With the release of the Strategic Rail Authority’s Strategic Plan 2003, it is clear that there are not enough funds for long awaited rail projects in London.

It is crucial that Ken Livingstone’s claim to be leading the battle to save the capital’s railways is now backed with more money. With recent announcements on delays to the East London Line extension there have never been a more important time to improve existing services. Hackney would benefit from more cash for services through north London to Richmond and east through Stratford to Woolwich if the budget changes go through.

During the current TfL budget negotiations, Ian Brown, Head of Rail Services, requested £5 million for real improvements to the North London Line and instead has been allocated £1 million for studies and pilots. The £1 million is matched by the SRA, but this still falls far short of what is needed.

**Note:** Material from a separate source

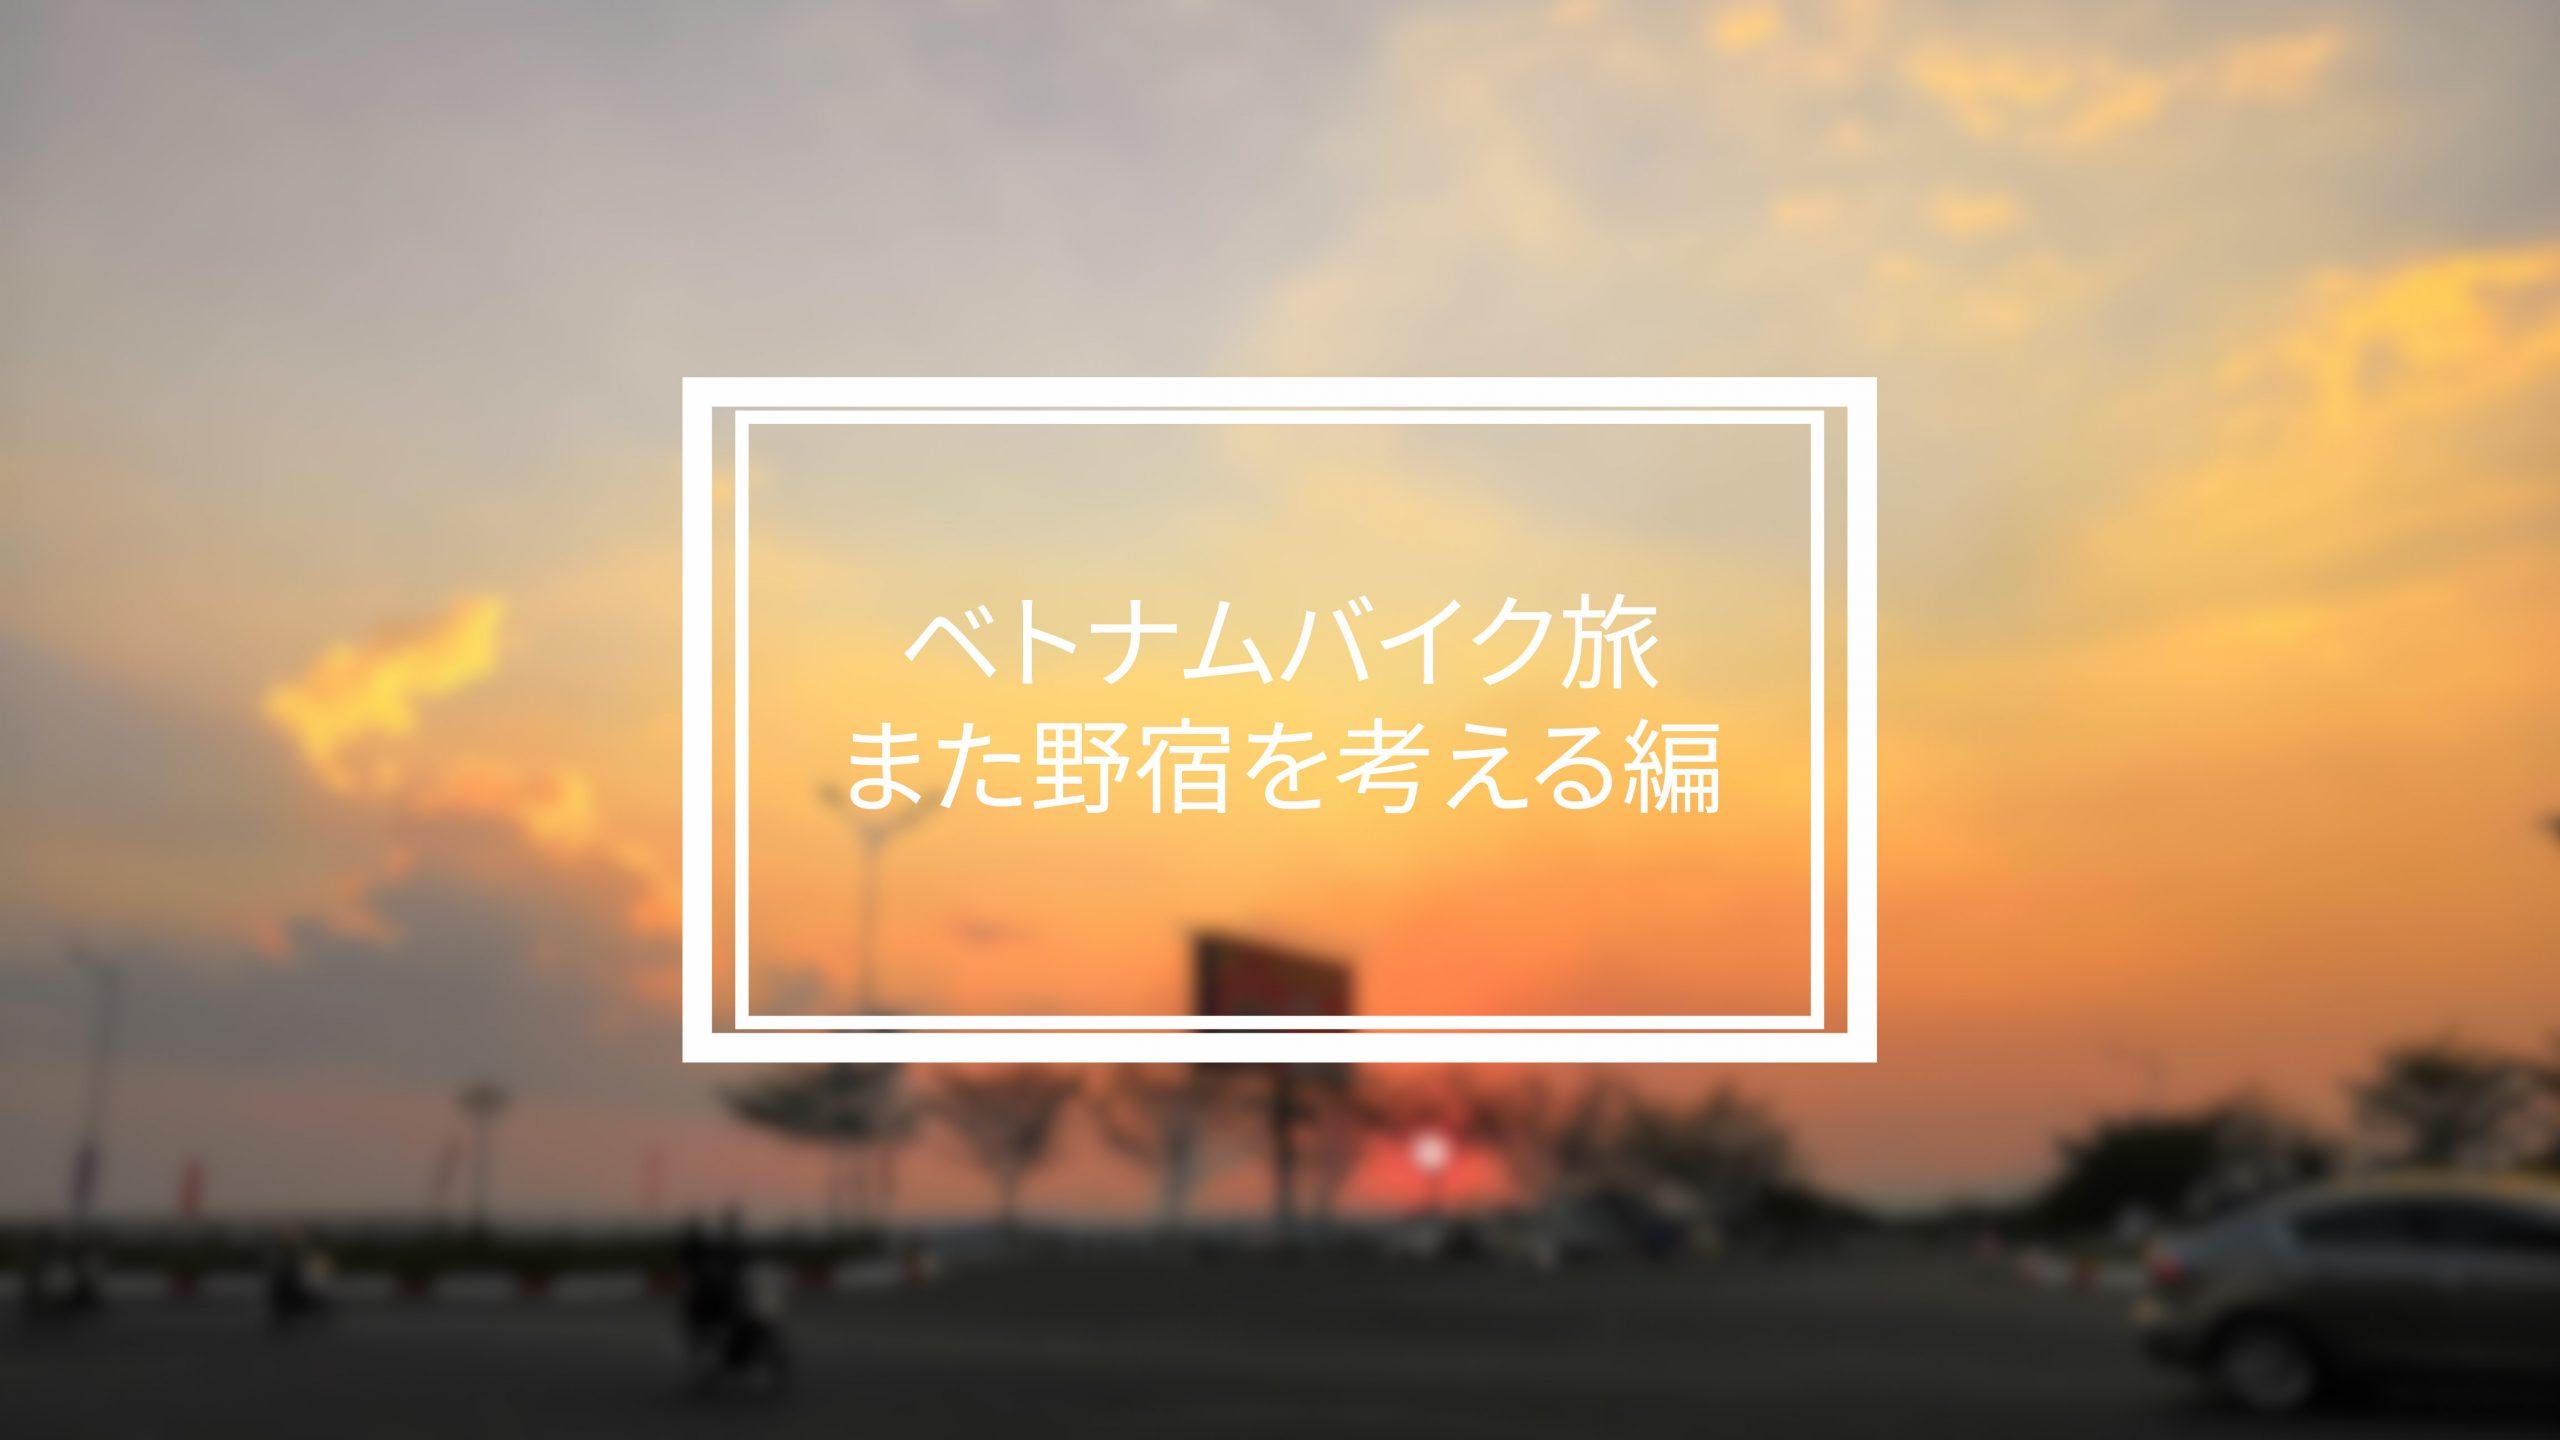 ベトナムバイク旅 (3-3: また野宿を考える編)

In contrast, the money originally requested by Rail Service would have been used for:
• more trains that would rapidly improve existing services
• platform lengthening for the later introduction of longer trains to increase capacity

Victor Anderson said, “The smaller scale improvements are cost effective and make a big difference to people’s lives. The appalling situation of funding from the SRA makes TfL’s contribution all the more critical. It is simply not good enough for Ken to claim to be supporting rail services, yet not use all his power to deliver on that promise.”

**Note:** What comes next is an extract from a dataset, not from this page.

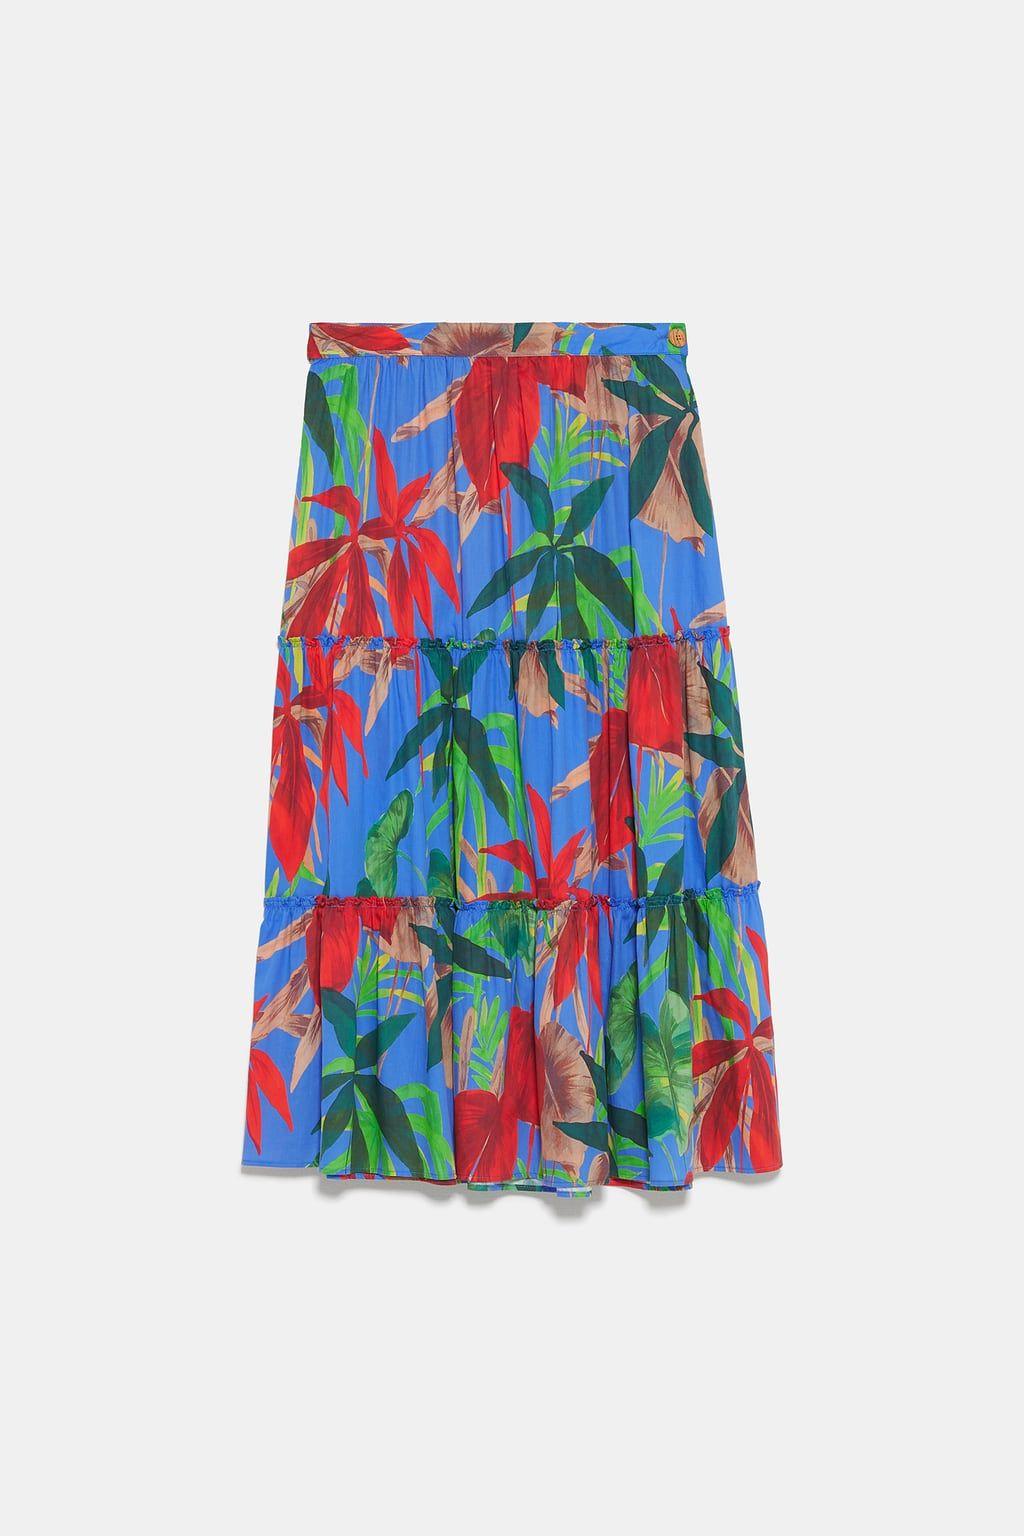 Faldas largas de rebajas Zara que siguen las tendencias de

Suggested improvements would also contribute to the realisation of Orbirail – a circular rail system for London that would reduce the need to travel through the over-crowded central area. Not only will this be more pleasant for rail travellers, but will encourage people to use public transport. TfL recognise that the highest growth in car use in London is from orbital trips.

Victor Anderson warns, “It is particularly crucial to make these small scale improvements at a time when progress has stalled on larger more ambitious projects such as Thameslink and Crossrail. There is money available by shifting funds from road improvement schemes. Schemes that continue the vicious circle of encouraging car use at the cost of our health.”